Dynamic generation of the spark SQL based on the input file field

Scenario: A process which generates monthly data in a s3 file. The number of fields could be different in each monthly run. Based on this data in s3,we load the data to a table and we manually (as number of fields could change in each run with addition or deletion of few columns) run a SQL for few metrics.There are more calculations/transforms on this data,but to have starter Im presenting the simpler version of the usecase.

Approach : Considering the schema-less nature, as the number of fields in the s3 file could differ in each run with addition/deletion of few fields,which requires manual changes every-time in the SQL, Im planning to explore Spark/Scala, so that we can directly read from s3 and dynamically generate SQL based on the fields.

Query: How I can achieve this in scala/spark-SQL/dataframe? s3 file contains only the required fields from each run.Hence there is no issue reading the dynamic fields from s3 as it is taken care by dataframe.The issue is how can we generate SQL dataframe-API/spark-SQL code to handle.

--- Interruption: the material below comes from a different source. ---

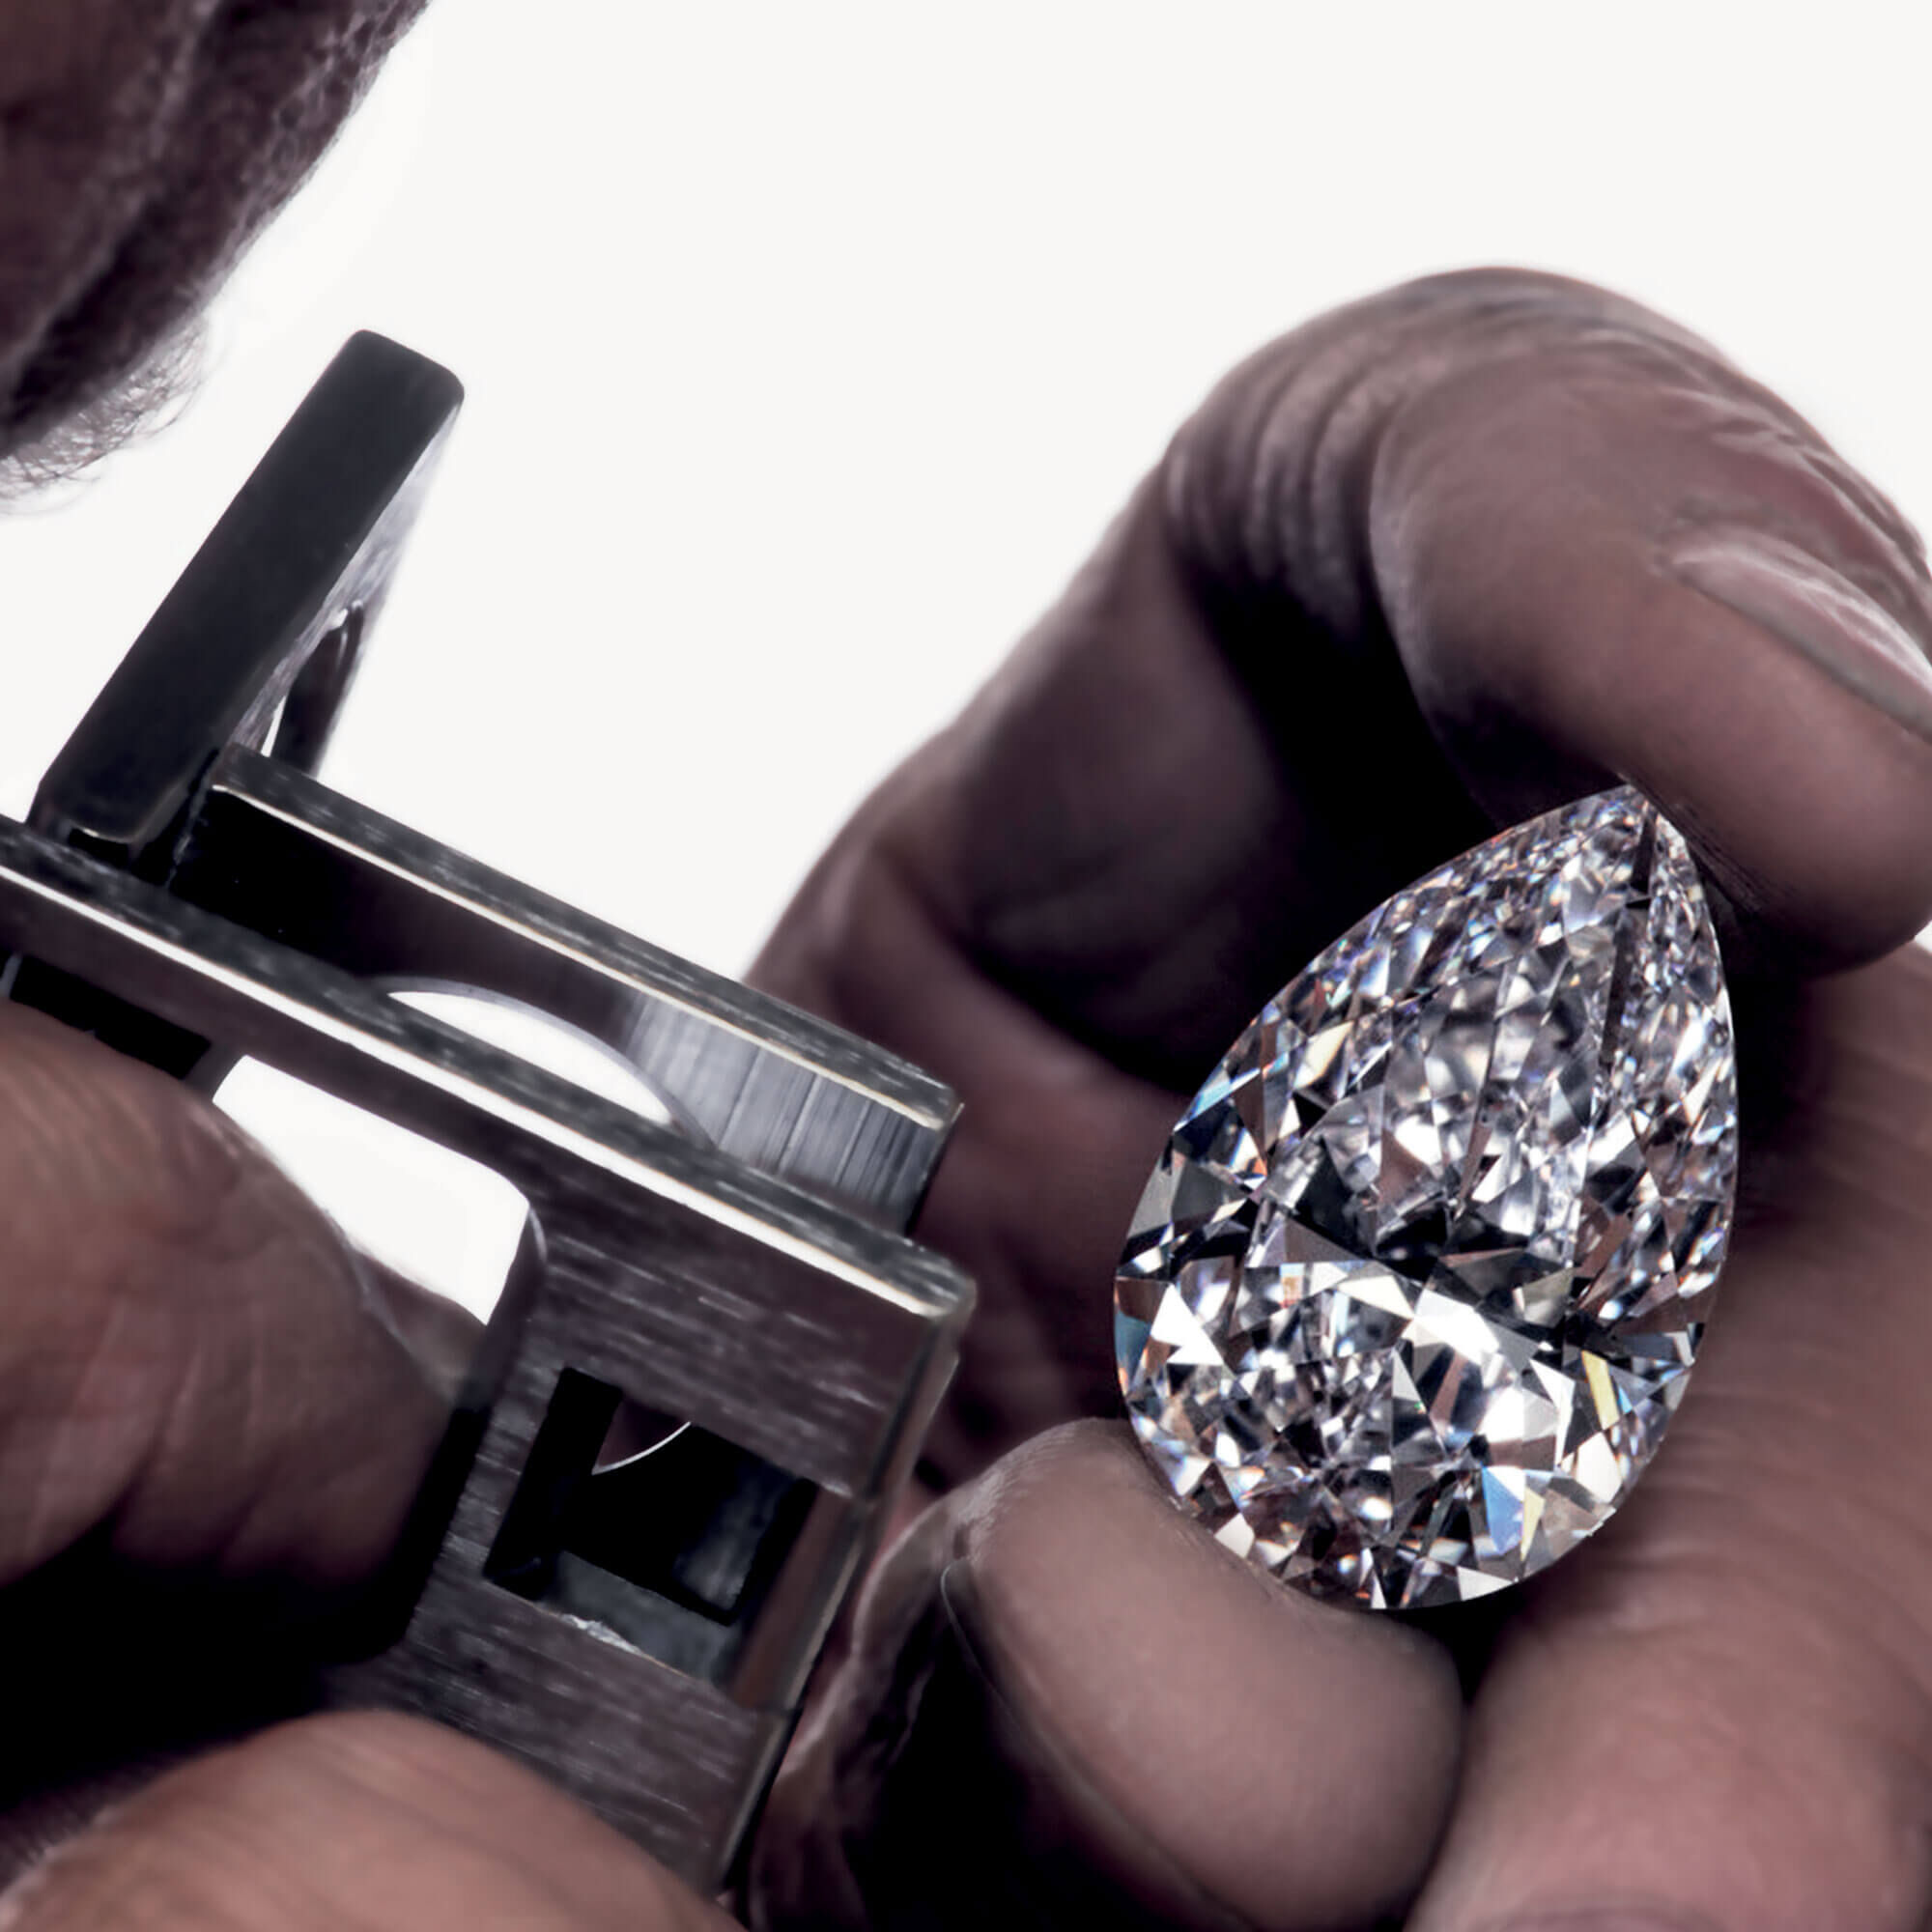 Close up of the Graff Vendôme pear shape diamond under examination

I can read s3 file via dataframe and register the dataframe as createOrReplaceTempView to write SQL, but I dont think it helps manually changing the spark-SQL, during addition of a new field in s3 during next run. what is the best way to dynamically generate the sql/any better ways to handle the issue?

Usecase-1:

  • First-run

dataframe: customer,1st_month_count (here dataframe directly points to s3, which has only required attributes)

--sample code SELECT customer,sum(month_1_count) FROM dataframe GROUP BY customer

--Dataframe API/SparkSQL dataframe.groupBy("customer").sum("month_1_count").show()

  • Second-Run - One additional column was added

dataframe: customer,month_1_count,month_2_count) (here dataframe directly points to s3, which has only required attributes)

--Sample SQL SELECT customer,sum(month_1_count),sum(month_2_count) FROM dataframe GROUP BY customer

--Dataframe API/SparkSQL dataframe.groupBy("customer").sum("month_1_count","month_2_count").show()

Im new to Spark/Scala, would be helpful if you can provide the direction so that I can explore further.

Also there could be multiple complex sql calculations, I just posted simpler usecase.

One way is to build dynamic SQL using a string builder or below are a few examples of the schema evolution.

https://medium.com/readme-mic/etl-with-standalone-spark-containers-for-ingesting-small-files-8d6ee2ebda63

https://github.com/micnews/load-to-redshift-public/blob/19788036aed746070ea70e2c4a38ca30e2e4a2df/src/main/scala/Main.scala#L93

https://stackoverflow.com/questions/56782404/reorder-source-spark-dataframe-columns-to-match-the-order-of-the-target-datafram

https://books.google.com/books?id=55lUDwAAQBAJ&pg=PA130&lpg=PA130&dq=add+column+to+downstream+table+based+on+avro+schema&source=bl&ots=ltLG-RI777&sig=ACfU3U3mF26sun2jEKpTdVMfC5vlKGphdQ&hl=en&sa=X&ved=2ahUKEwjZltuAvtHmAhXJm-AKHeSzCd4Q6AEwAnoECAoQAQ#v=onepage&q=add%20column%20to%20downstream%20table%20based%20on%20avro%20schema&f=false

Thanks

Sri

You can look. at my project here https://github.com/manju015/wranglar

What is the input file your passing as first argument ?

Did you find a solution for ur issue? I have similar problem . Please guide me how to implement?